Reeve replies, “Um…’Immigrants protest budget cuts to literacy program.'”

Levy: “Human spirit overcoming economic adversity. Sounds like Horatio Alger in

and the neighborhood. You put Jimmy Smits in, you get a sexy ‘Stand and Deliver’. Next?”

Robert Kosberg, a Hollywood producer convinced a studio to make the 1993 mascots

-movie gone bad “Man’s Best Friend”. His release was “Jaws on Paws”.

How quickly can you attract someone’s attention and interest?

Do you see the power of specific details on the speed and volume of speech?
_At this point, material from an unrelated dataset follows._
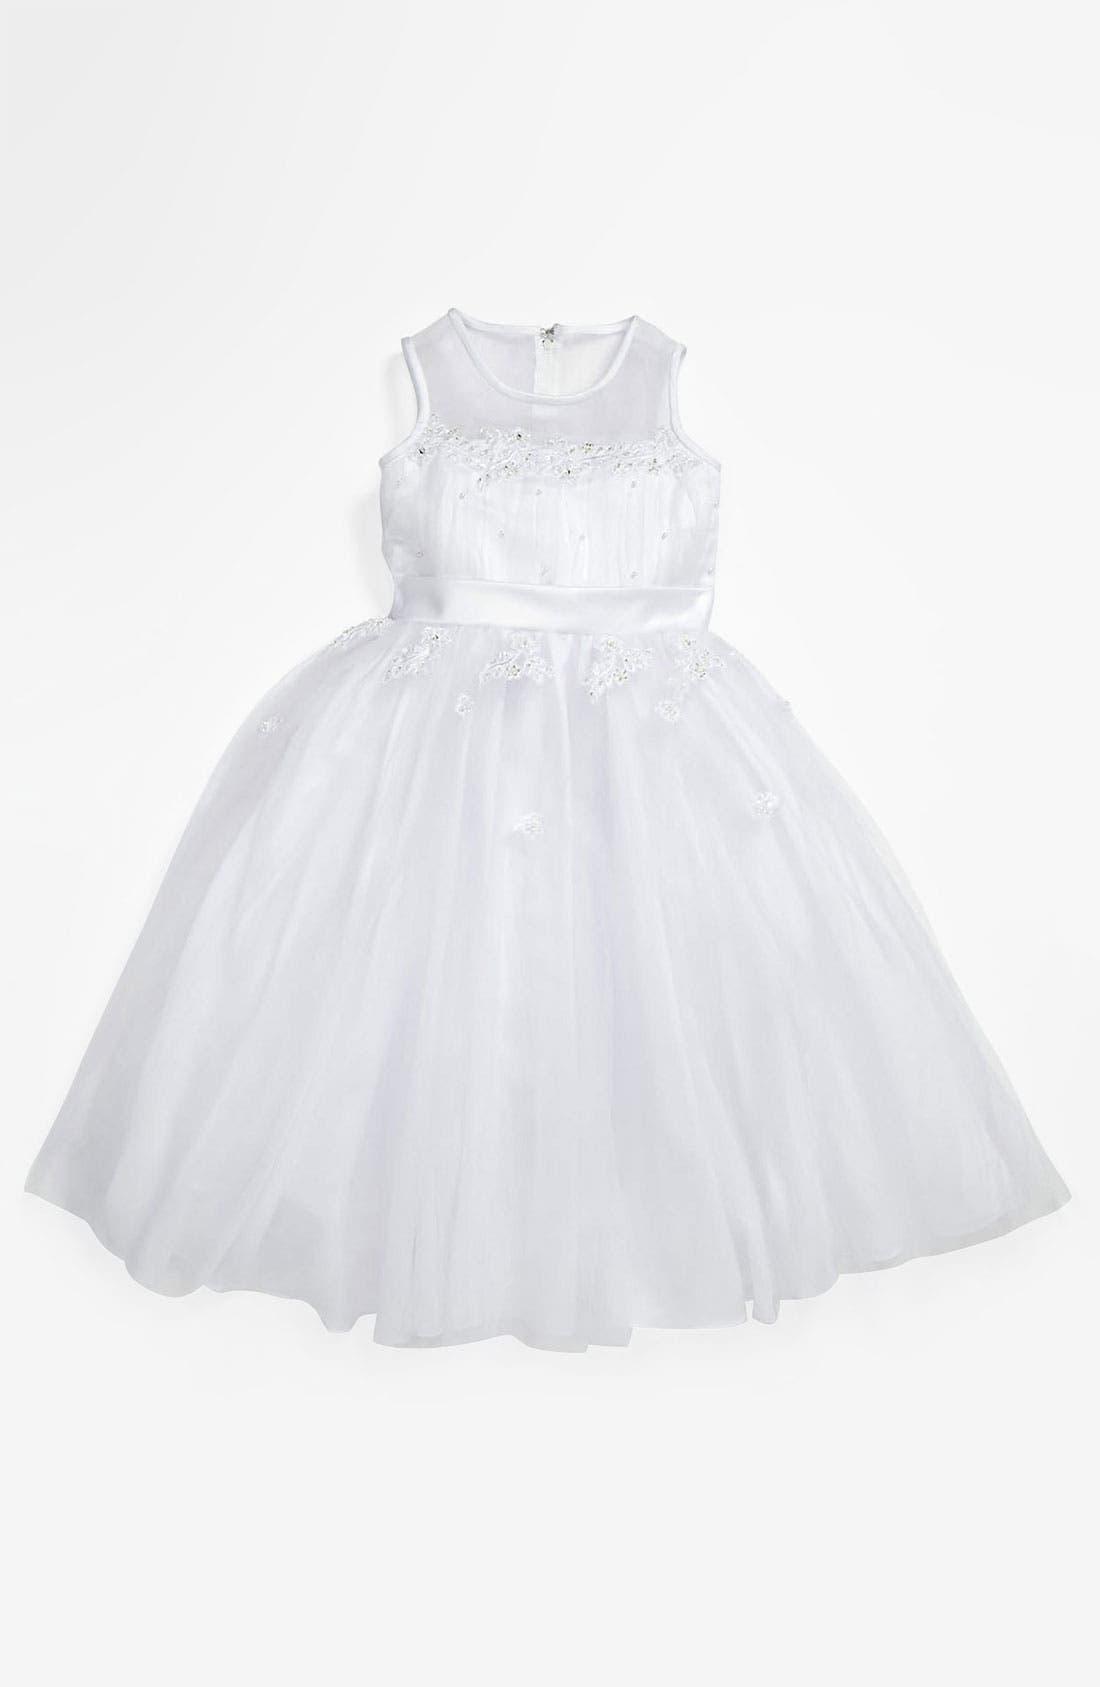 Alternate Image 1 Selected - Lauren Marie Illusion Top Gown (Little Girls & Big Girls)
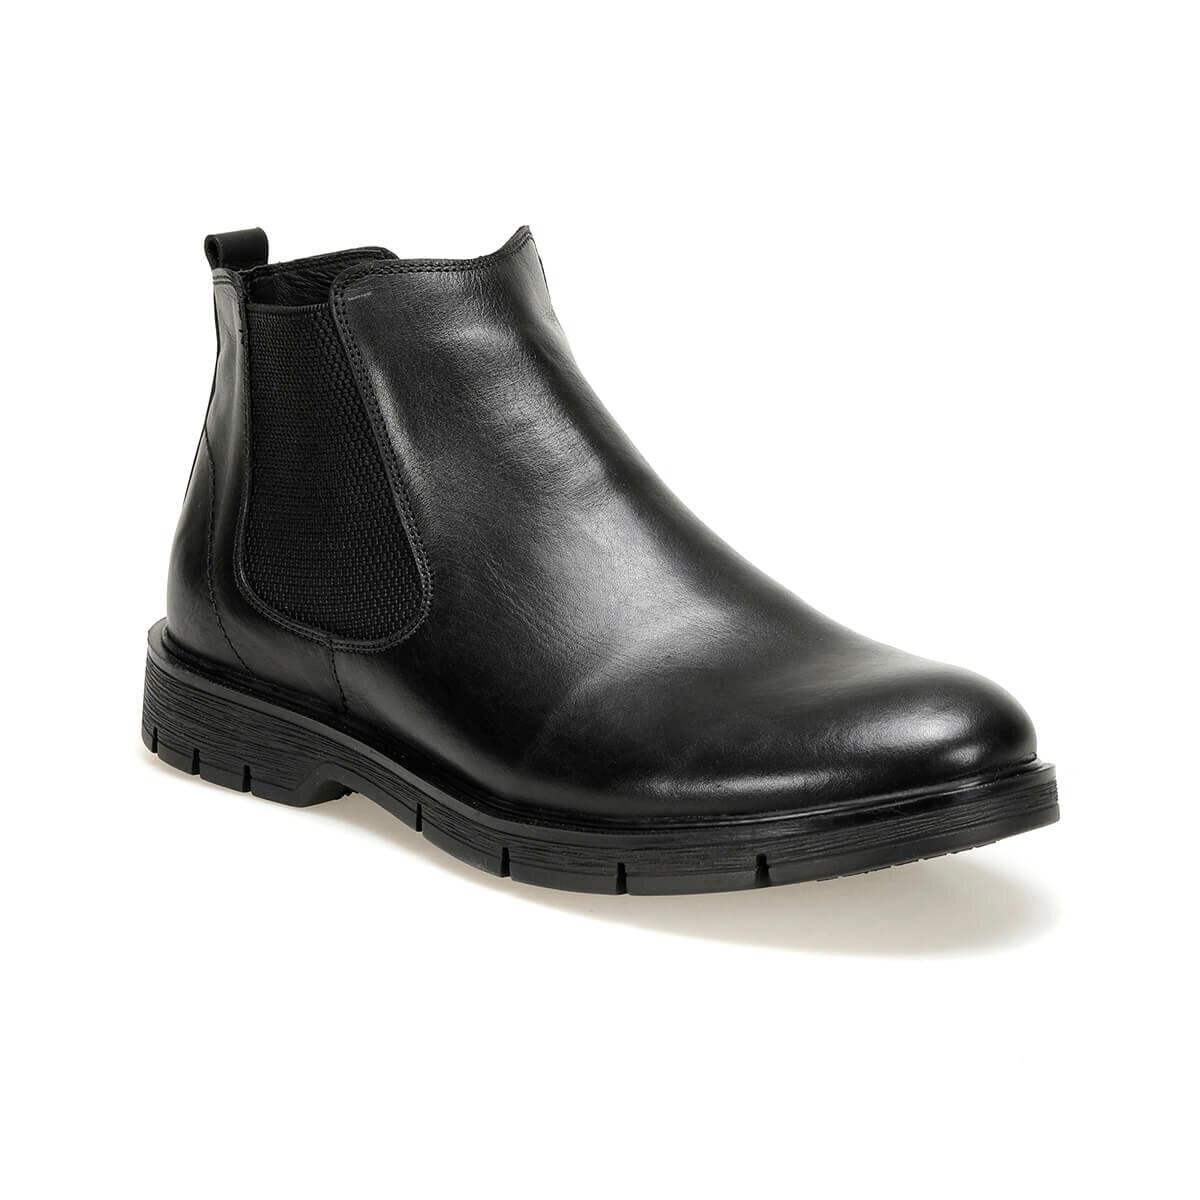 FLO 2025 botas negras Garamond

The stories we tell about each other, and the people we want to share with

our stories are where we create meaning and friendships. while you speak vividly

about their experiences with others makes those stories more meaningful and

memorable for them to remember and repeat.

You become a more central part of their lives.

Here are some ways to speak and write so that others will repeat what you say, with pride and

happy. Each one is easy to practice.

1. Be brief.

If your characterization is short enough, then you can repeat it, as an aside or

reminder throughout a conversation. Others are more likely to remember and

repeat it. Here are some ways to be concise:

A. Use a familiar word in a new way and you may even catch a trend:

Example: Futurist Faith Popcorm predicted five years ago that people would want

be “cocooning” in your home.

B. Be catchy, using one or more of these resources:

o Alliteration: “Peak performance” and “high tech/high touch.”

o Rhyme: “Jaws on Paws”

o Essay: “First things first,” advice from Steve Covey.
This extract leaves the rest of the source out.